Waxy.org
Waxy.org is the sandbox of Andy Baio, a writer and tech entrepreneur in Portland, OR. I work with Expert Labs, helped build Kickstarter, founded Upcoming, made an album, and other stuff too.

Contact Me: Email, AOL IM, or follow me on Twitter.

Google Analytics A Potential Threat to Anonymous Bloggers

Posted Nov 16, 2011

Last month, an anonymous blogger popped up on WordPress and Twitter, aiming a giant flamethrower at Mac-friendly writers like John Gruber, Marco Arment and MG Siegler.

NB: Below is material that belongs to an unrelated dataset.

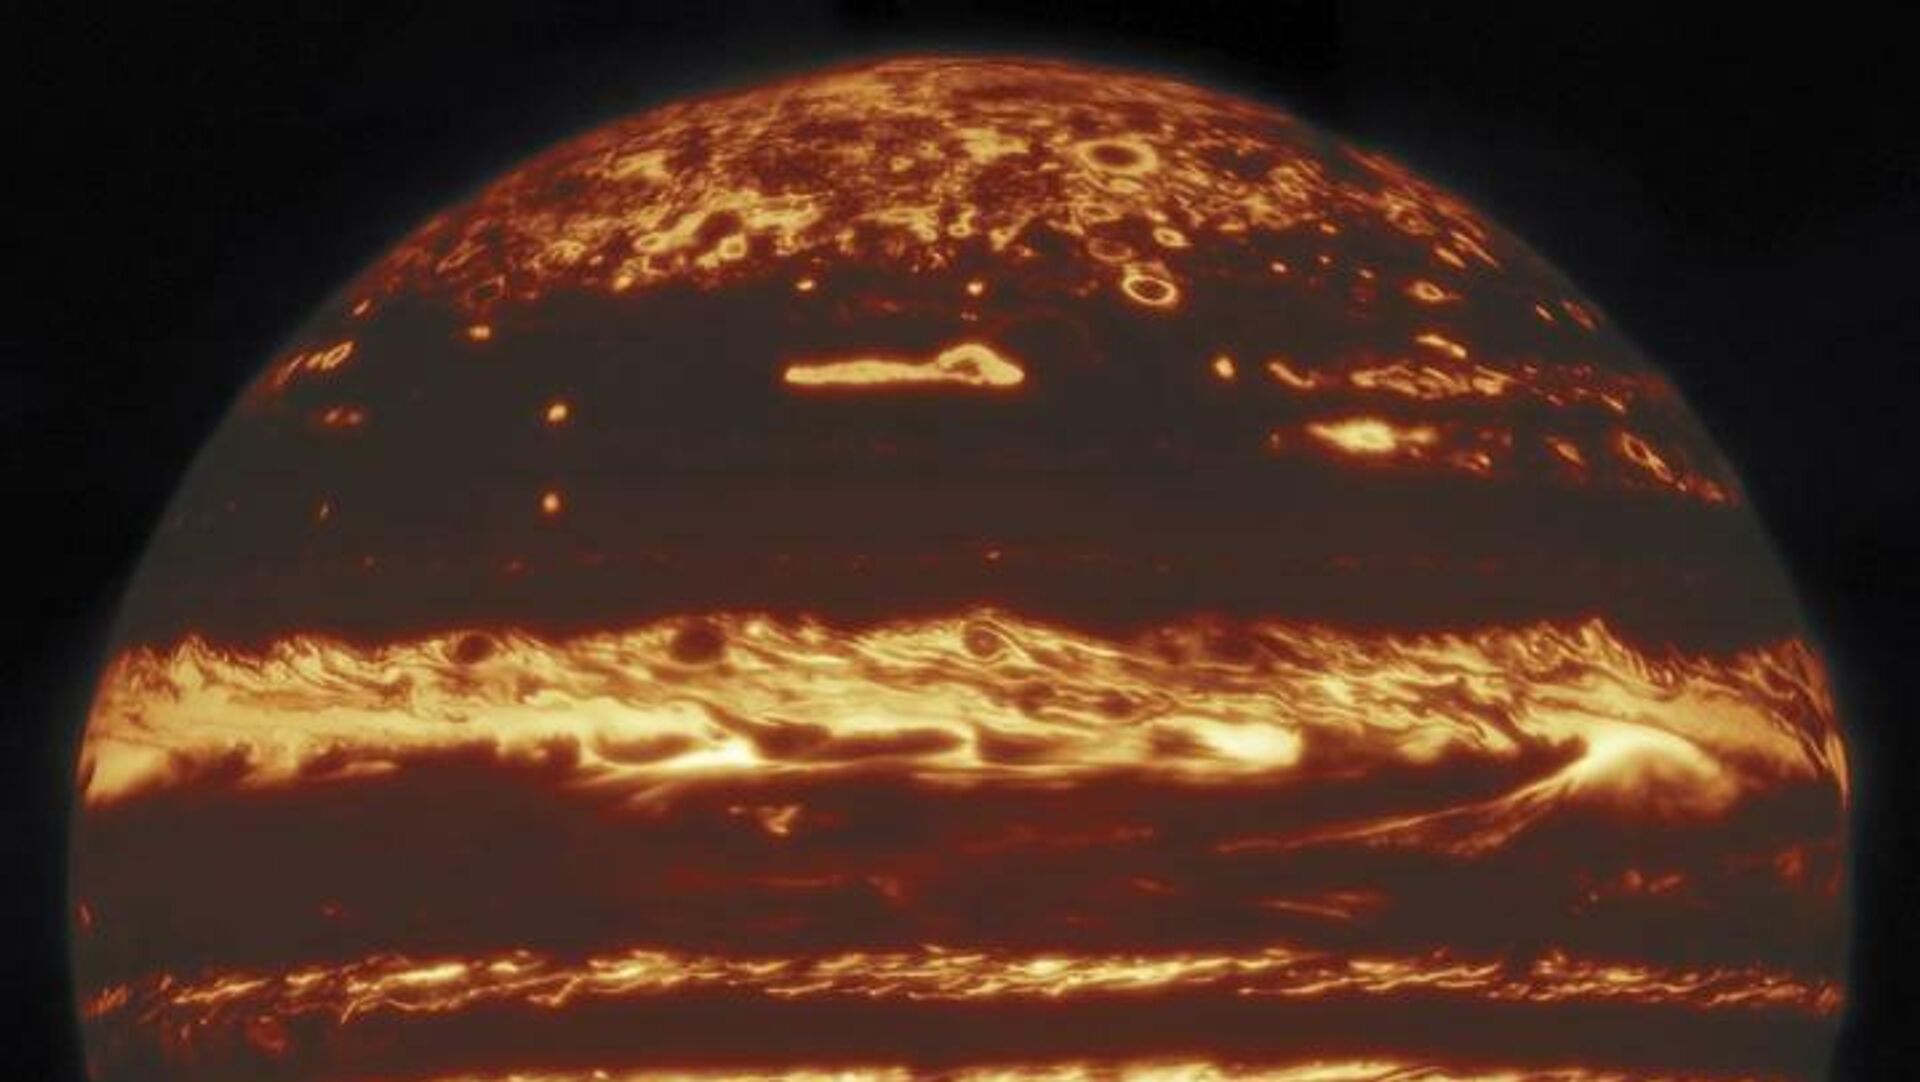 Изображение диска Юпитера в инфракрасном свете, составленное из снимков девяти отдельных наблюдательных сессий, проведенных обсерваторией Джемини 29 мая 2019 года - РИА Новости, 1920, 08.05.2020
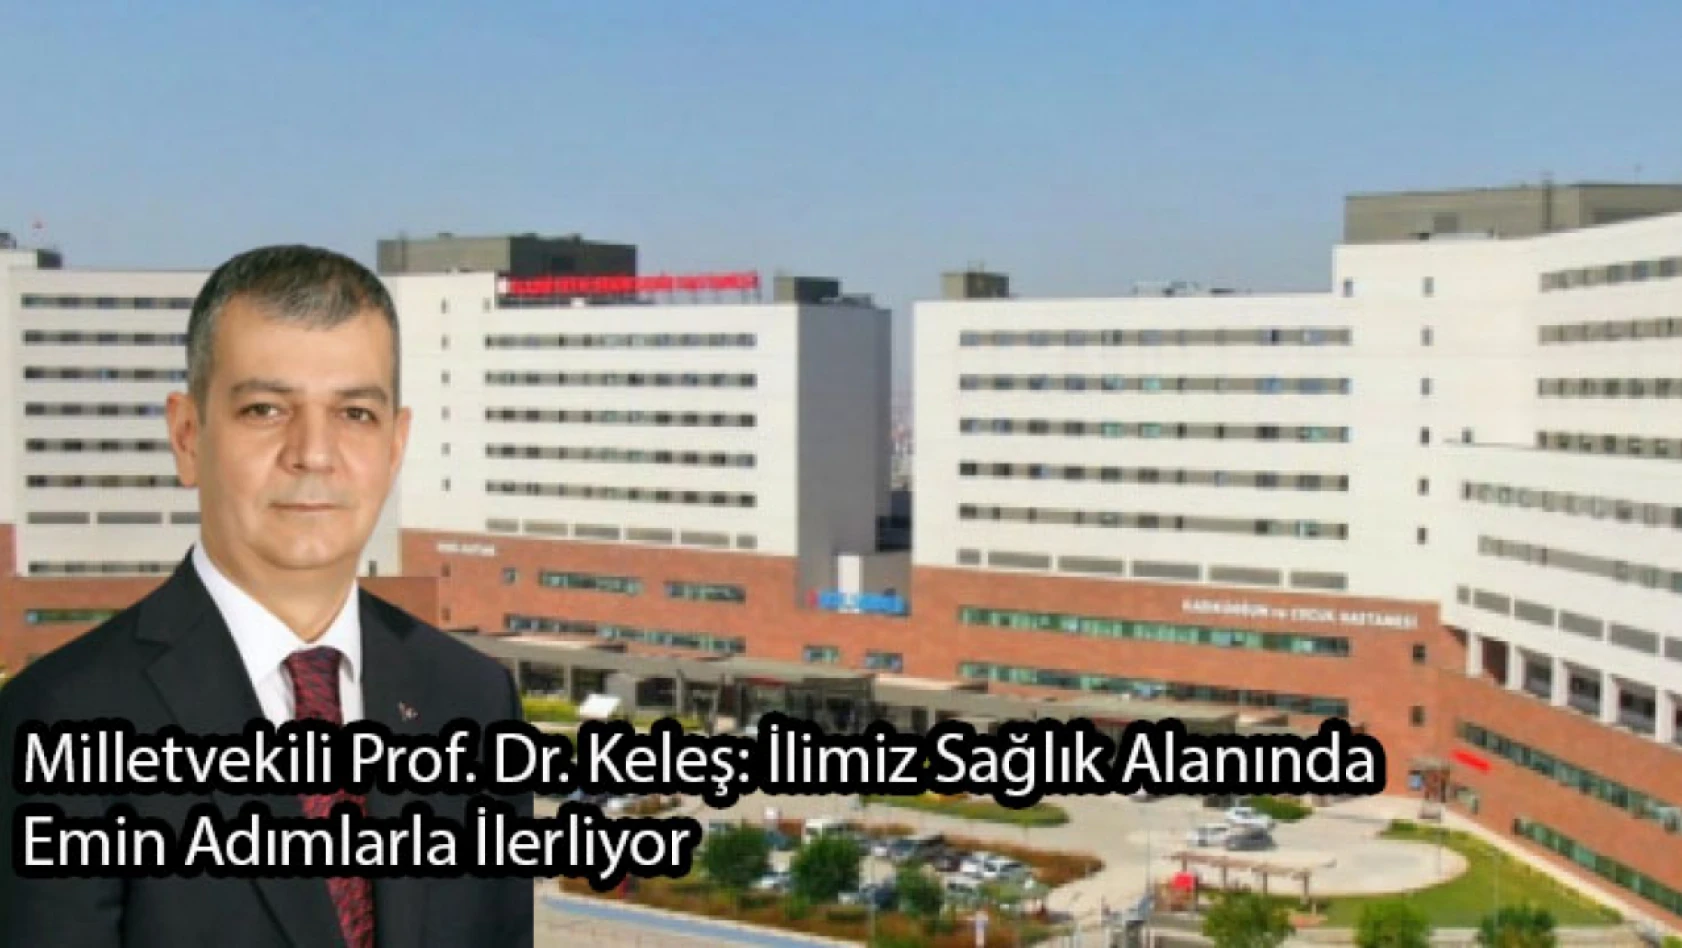 Milletvekili Prof. Dr. Keleş: İlimiz Sağlık Alanında Emin Adımlarla İlerliyor

As he unleashed wave after wave of spittle-flecked rage at "Apple puppets" and "Cupertino douchebags," I was reminded again of John Gabriel's theory about the effects of online anonymity.

Out of curiosity, I tried to see who the mystery blogger was.

He was using all the ordinary precautions for hiding his identity -- hiding personal info in the domain record, using a different IP address from his other sites, and scrubbing any shared resources from his WordPress install.

Nonetheless, I found his other blog in under a minute -- a thoughtful site about technology and local politics, detailing his full name, employer, photo, and family information. He worked for the local government, and if exposed, his anonymous blog could have cost him his job.

I didn't identify him publicly, but let him quietly know that he wasn't as anonymous as he thought he was. He stopped blogging that evening, and deleted the blog a week later.

So, how did I do it? The unlucky blogger slipped up and was ratted out by an unlikely source: Google Analytics.

Reverse Lookups

Typically, Google will only reveal a user's identity with a federal court order, as they did with a Blogger user who harassed a Vogue model in 2009.

But anonymous bloggers are at serious risk of outing themselves, simply by sharing their Google's Analytics ID across the sites they own.

If you're watching your pageviews, odds are you're using Google to do it. Launched in 2005, Analytics is the most popular web statistics service online, in use by half of Alexa's top million domains.

For the last few years, online SEO tools have published Analytics and AdSense IDs for the domains they crawl publicly, typically for competitive intelligence, such as ferreting out your competitor's other websites.

But in the last year, several free services such as eWhois and Statsie have started offering reverse lookup of Analytics IDs. (Most also allow searching on the Google AdSense ID, though I wasn't able to find an anonymous blogger sharing an AdSense ID across two sites.)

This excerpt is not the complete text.